Overall, this was pretty successful. I hit the target grade for 4/5 of the problems and the grade for the 5th is debatable and easily adjustable by simply getting rid of a foot or moving it else where. Next time I do this, I will hopefully remember to take pictures.

Questions, comments, and other combinations of letters, spaces, and punctuation go below. 

Thursday, April 3, 2014

CUIDADO

Route Name: Cuidado!

Grade: V3/V4

Moves Incorporated: Heel Hook, Mantle, No Hands Rest, Cross, Lay Back

Types of Holds: Sloper, Crimps, Pinch

So I set this route for the extended basics clinic taught last Sunday by Steve Wong. It's mildly dangerous and it sketched loads of people out, so for that reason, I call it a success, but for actual it's pretty fun.
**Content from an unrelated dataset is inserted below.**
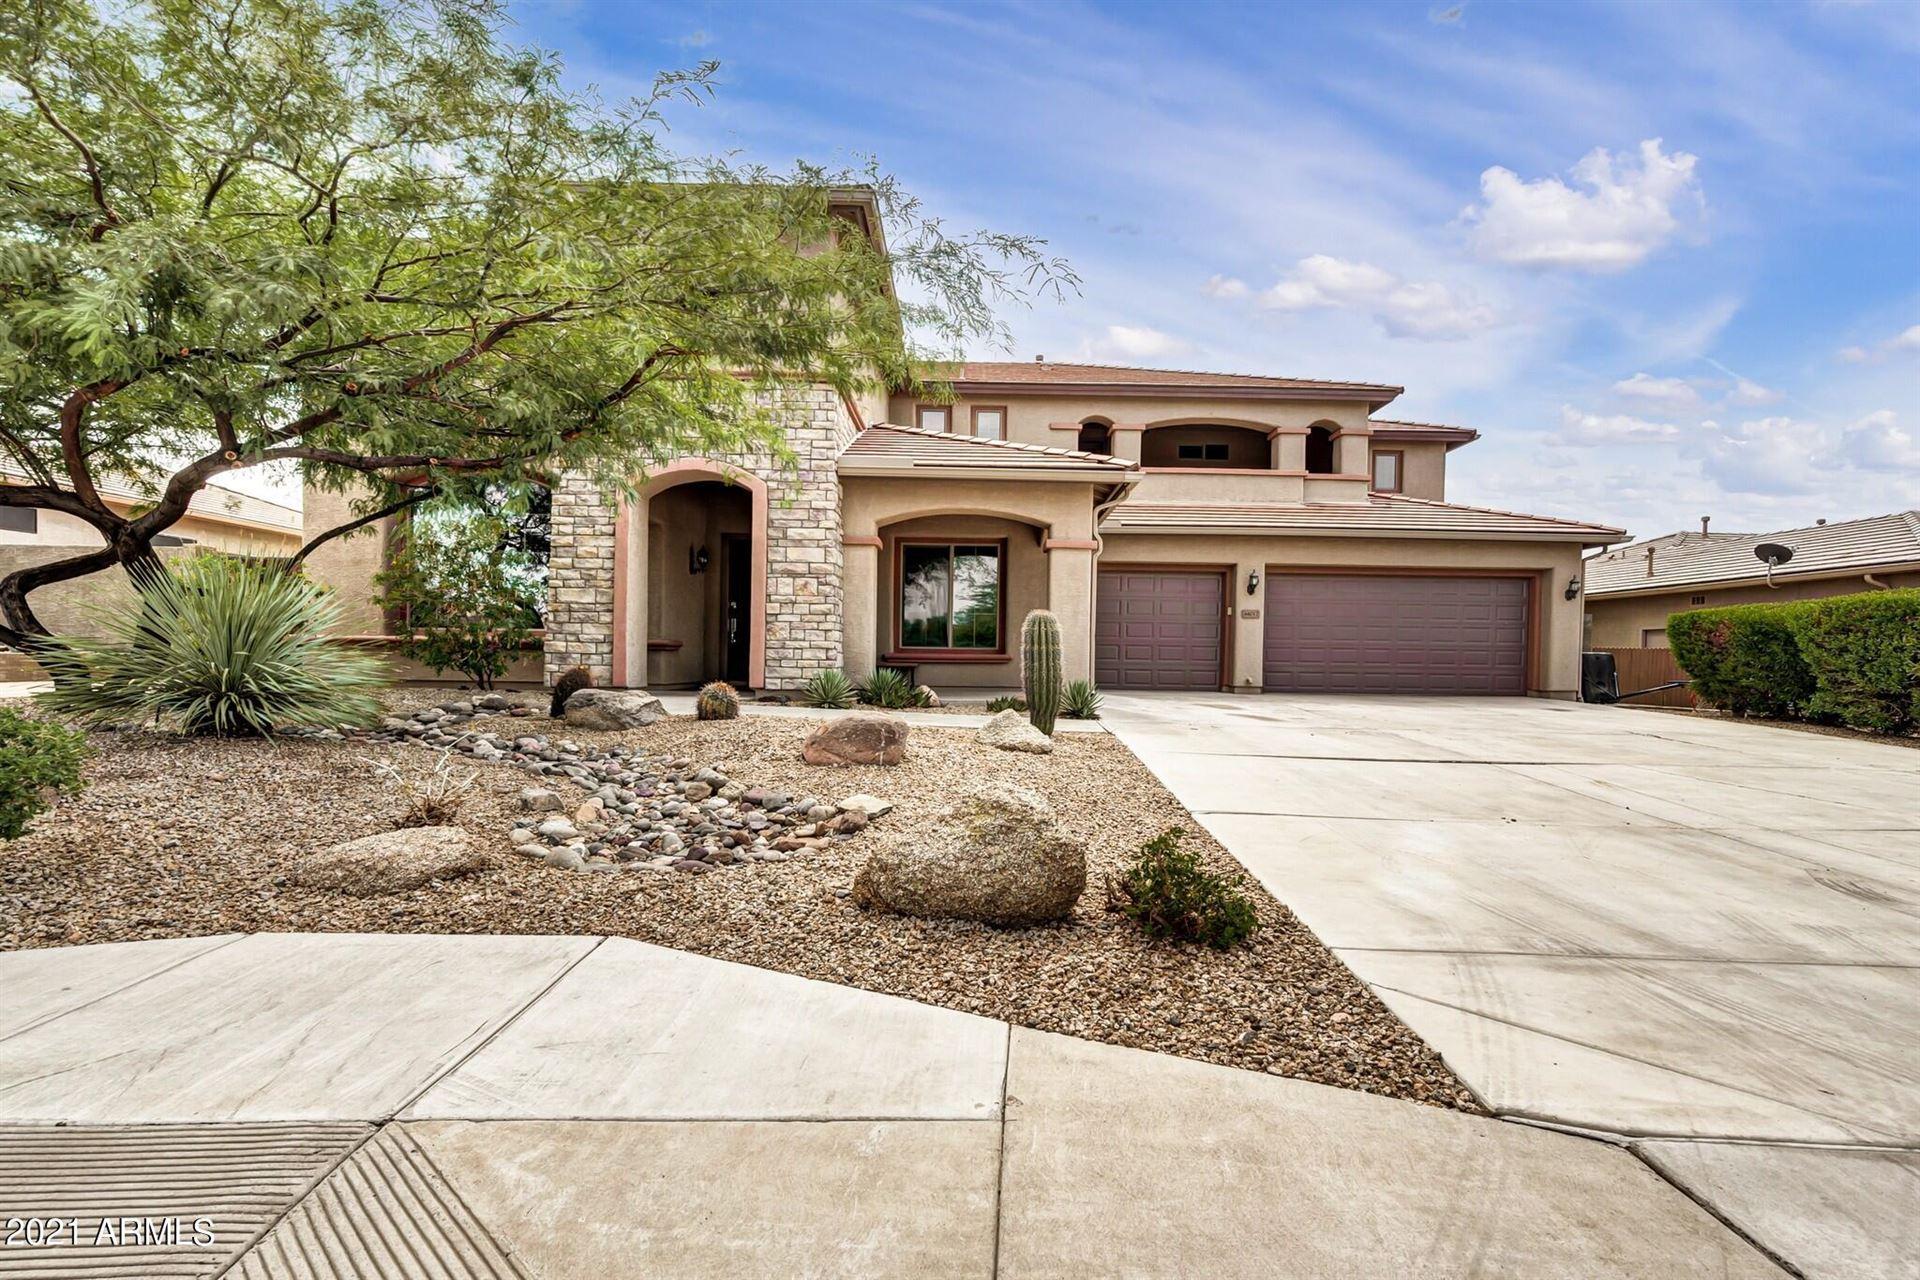 Photo of 44017 N 50TH Avenue, New River, AZ 85087 (MLS # 6269181)

It was slightly inspired by comp style slab routes that are pretty balancey, so I definitely had a fun time setting it.

The holds I used are all orange with orange tape. Since they are all pretty obvious, I won't do anything weird to the picture to highlight them.

This route challenges newer climbers with a pretty slopey start. It may not seem hat great, but once you get your foot on the huge footchip under the boob, you immediately realize how solid it is. It continues on with a bump for each hand to some crimps. You then bring your right foot up switch the heel hook to a toe and bump you left hand up to a pinch. From there you mantle off of the no shadow hand sloper and get the most amazing no hands rest -- you could stand there for days if you have nice friends to bring you food. The route so far has brought you over the most awkward part of the boob to climb -- the boobiest part of the boob. From here, you carefully lower yourself down to another great foot cross hands and lay back for the finish. I have to say the end was pretty scary. The left hand crimp is solid, but really only lets 1/4 to 1/3 of the pads of your fingers to hold on. You trust it, lean back, and reach for the finish. My hands were shaking as I reached for the end. I set an extra foot so climbers could adjust their hands to either climb back down or jump more easily.